Given that items with too many statements[1] are hard to handle, both from a technical point of view (the UI can crash) and from a user experience point of view (almost infinite scrolls and hard to get an overview) and the possibility to store tabular data on Wikimedia Commons, can we imagine another way to handle tabular style data on Wikidata? For this session, any properties whose values are expected to change over time like changing politicians, populations etc. (and not very unusual changes like an island ceasing to exist) are the center of the discussion. We call this "tabular style data".

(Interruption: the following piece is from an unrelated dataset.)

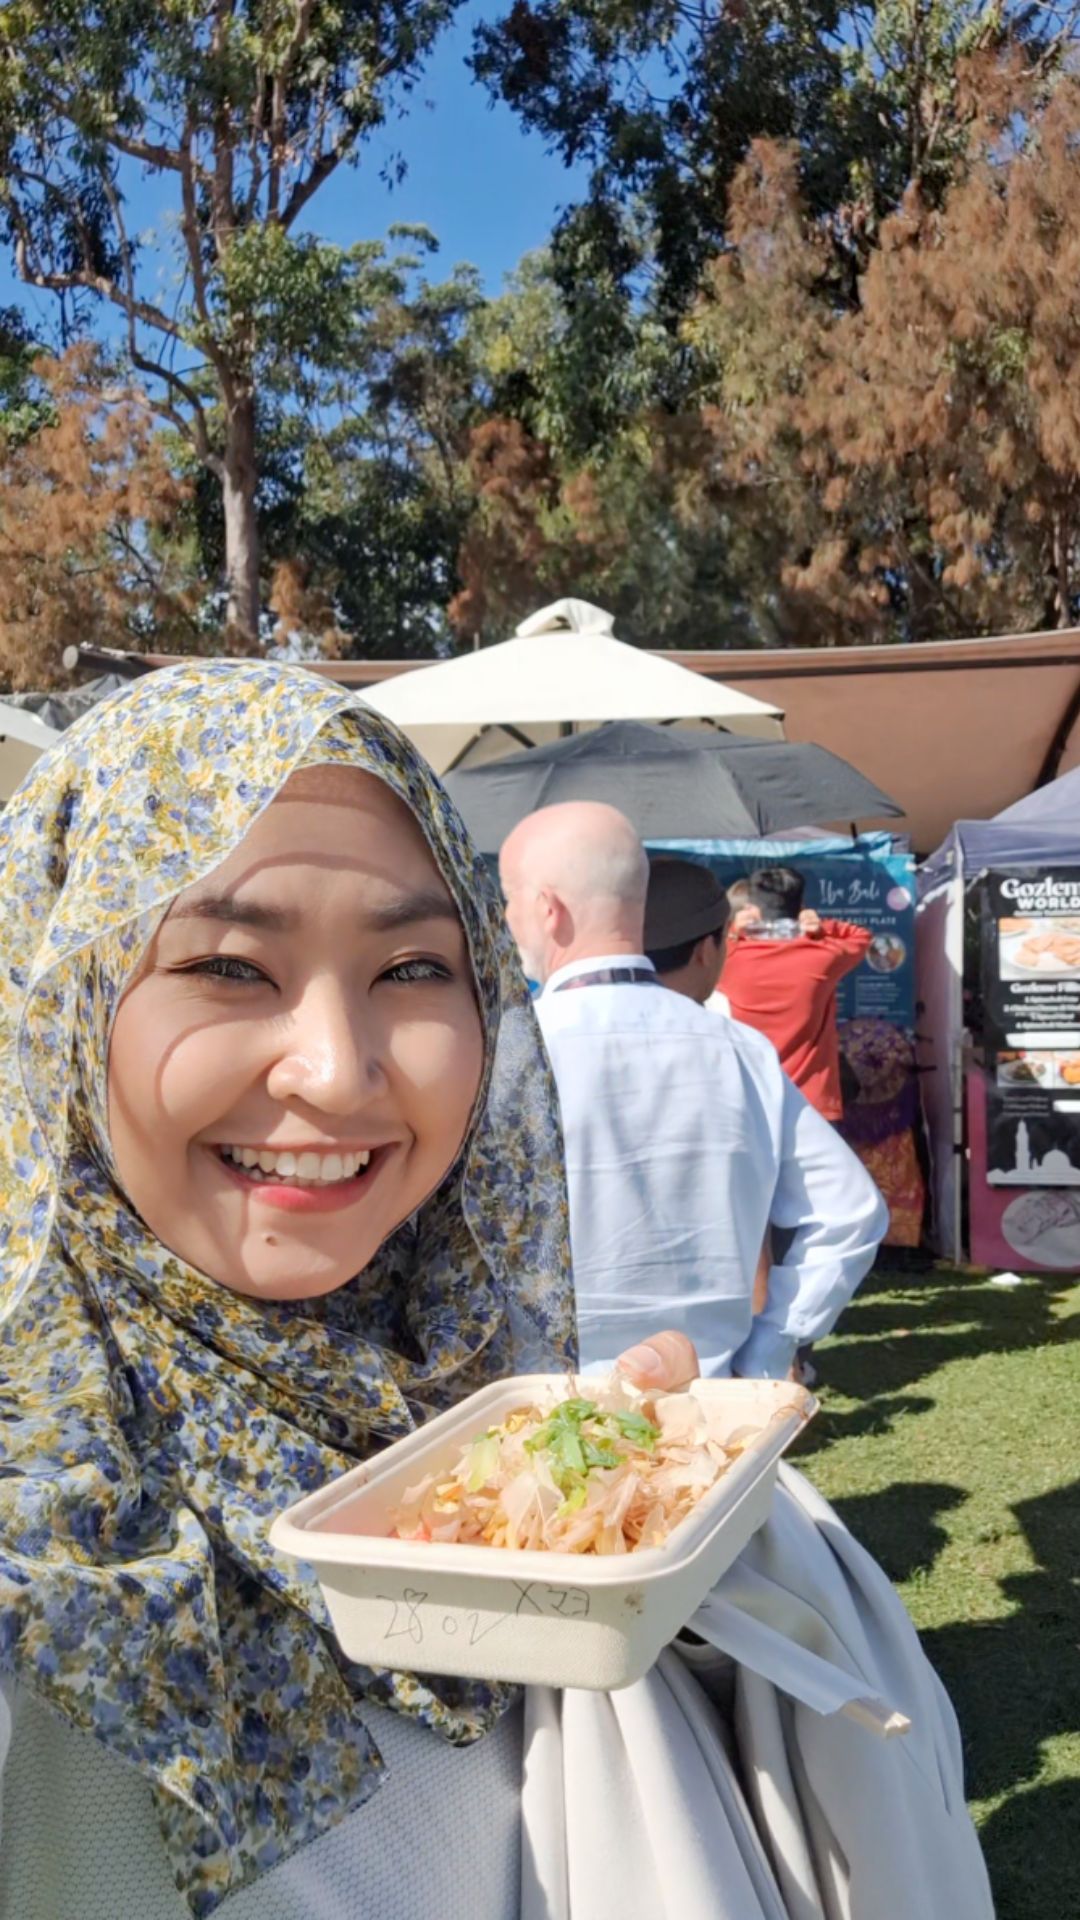 Enjoying some Indonesian food at the campus Market Day.

To get the discussion started, this provoking proposal was made
  • Only the latest value may get added to a statement.
  • Everything historical instead is added to a tabular file on Wikimedia Commons.
  • Each such statement can have a qualifier pointing to a page in the data namespace on Commons.
    • The qualifying property (or properties) should be quite generic, perhaps labeled as "tabular data related to this statement" or "tabular historical data for this statement" to avoid hundreds of new properties.
    • Naming of the file on Commons could be based on the Qid and property to make it predictable
Open questions
  • How to keep the data file in sync?
    • How should the user interface look like, can it automatically 'move' an old value when a new one is added?
  • How to query historical data?
  • How to use historical data in client wikis?

Discussion[edit]

When explaining the problem, a few other problem areas were raised (even though their data may not change often):

  • Journal articles with several hundred authors
  • Chemical compounds - exist in species
  • Genes!
  • Many "full source available at" links from manuscripts, with one link per page

We then discussed both the problem, and ideas for solutions based on the proposal. However, it was consensus in the discussion that the proposal would be a workaround and that it would be better to instead engineer solutions that would make it possible to keep the data on Wikidata. That is, making sure Wikidata itself, or the browser, will not crash due to the number of statements on it. Only if the message from the developers is that this is technically not feasible should the proposal be seriously considered.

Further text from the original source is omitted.